You remarked, “Climatologists concern themselves with the long-range averages that allow them to divide various regions into the 21 Koppen Climate Classifications and watch for changes within those regions.” I have previously made the point that we should be looking at all the Koppen climate regions and looking for patterns of changes in temperature and precipitation. However, I’m unaware that anyone is actively looking at this in the context of a warming Earth. I have looked at the BEST database and don’t recollect seeing anything as granular as the 21 regions. Are you aware of any of the various databases addressing this concern?

Editor
Reply to  Clyde Spencer
October 2, 2018 12:57 pm

Clyde ==> See the link for Koppen Climate Classifications .

Clyde Spencer
Reply to  Kip Hansen
October 2, 2018 1:34 pm

Kip,
Okay, I went to the link, and it is, as I suspected, a description of the Koppen climate regions. I was asking if anyone is tracking global climate change at a finer granularity than land, SST, and Arctic, which is all that I have seen reference to.

Editor
Reply to  Clyde Spencer
October 2, 2018 3:28 pm

Clyde ==> Dr. Uma Bhatt, at the University of Alaska Fairbanks did some work dividing Alaska into climate regions — my link to her presentation is currently broken, and I gave emailed her for a workable link.

Reply to  Clyde Spencer
October 2, 2018 3:39 pm

Clyde, that analysis has been done by Swedish researchers (named Chen surprisingly)
The paper is: Using the Köppen classification to quantify climate variation and change: An example for 1901–2010
By Deliang Chen and Hans Weiteng Chen
Department of Earth Sciences, University of Gothenburg, Sweden
http://hanschen.org/uploads/Chen_and_Chen_2013_envdev.pdf

Their website is: http://hanschen.org/koppen/#home

My synopsis is https://rclutz.wordpress.com/2016/05/17/data-vs-models-4-climates-changing/

Clyde Spencer
Reply to  Ron Clutz
October 2, 2018 6:48 pm

Ron Clutz,
Thank you for the link.
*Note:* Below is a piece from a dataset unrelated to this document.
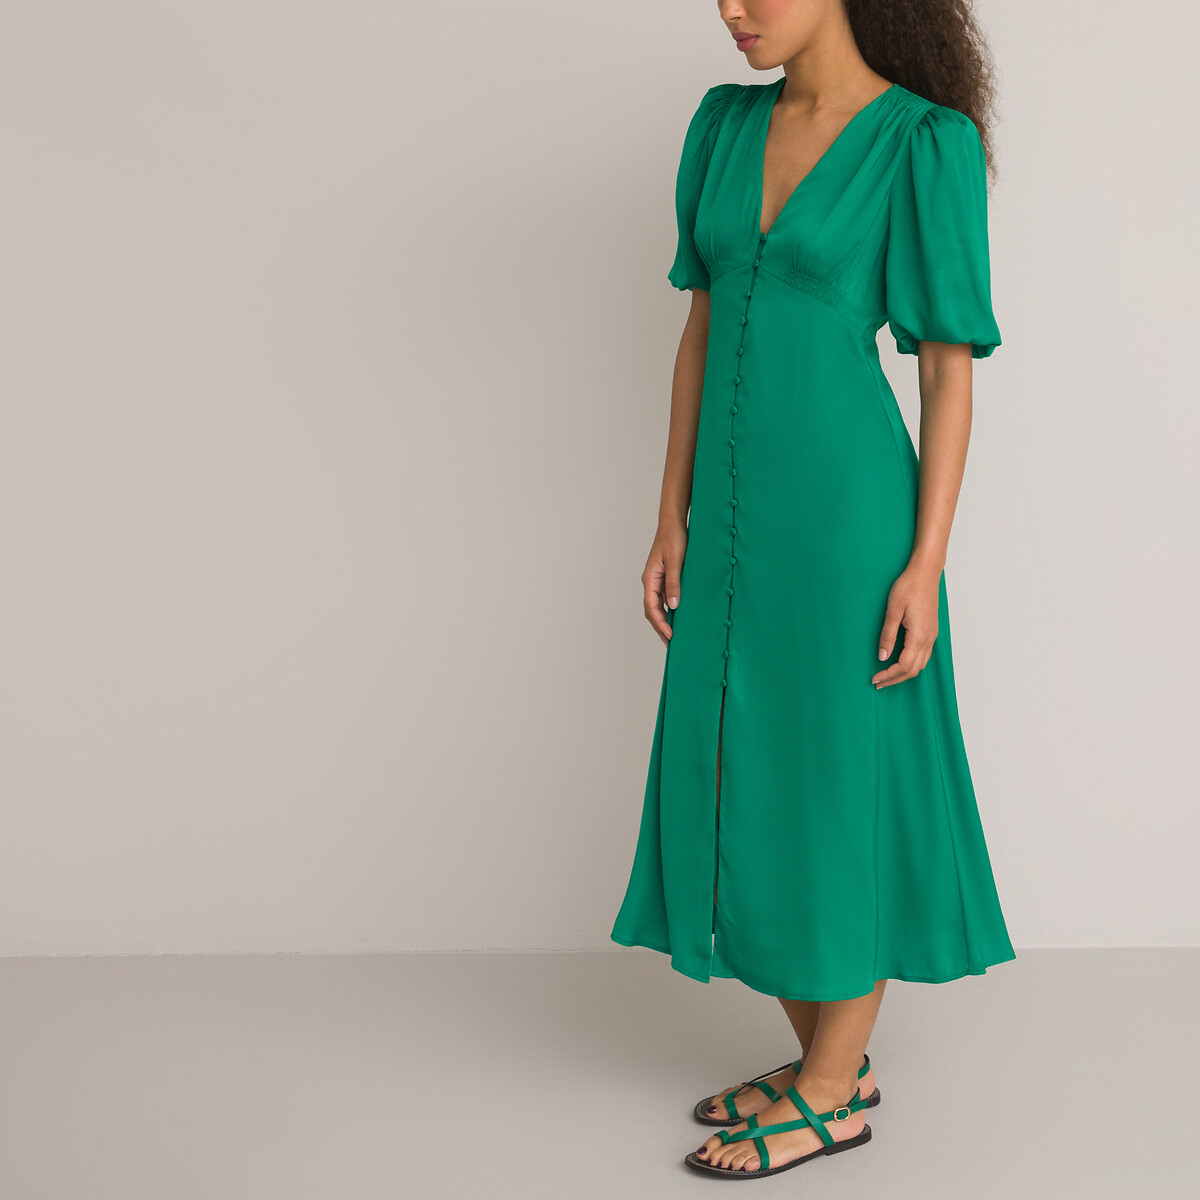 Платье длинное расклешенное короткие рукава с напуском 42 зеленый платье длинное рукава с напуском с принтом 48 красный

It is good to know that someone is looking at the situation at a regional scale. Their conclusion is that there is an increase in desert and a decrease in Arctic/tundra zones. That is not surprising.

Clyde Spencer
Reply to  Ron Clutz
October 2, 2018 8:38 pm

Ron Clutz,
I just read your synopsis at your website. I think that there is a problem with the color labels on the maps, particularly maps b and c.

October 2, 2018 11:42 am

For me that’s a new definition of “median.” Until today I’d have thought that it’s the value the temperature was below for a total of 12 hours and above for a total of 12 hours.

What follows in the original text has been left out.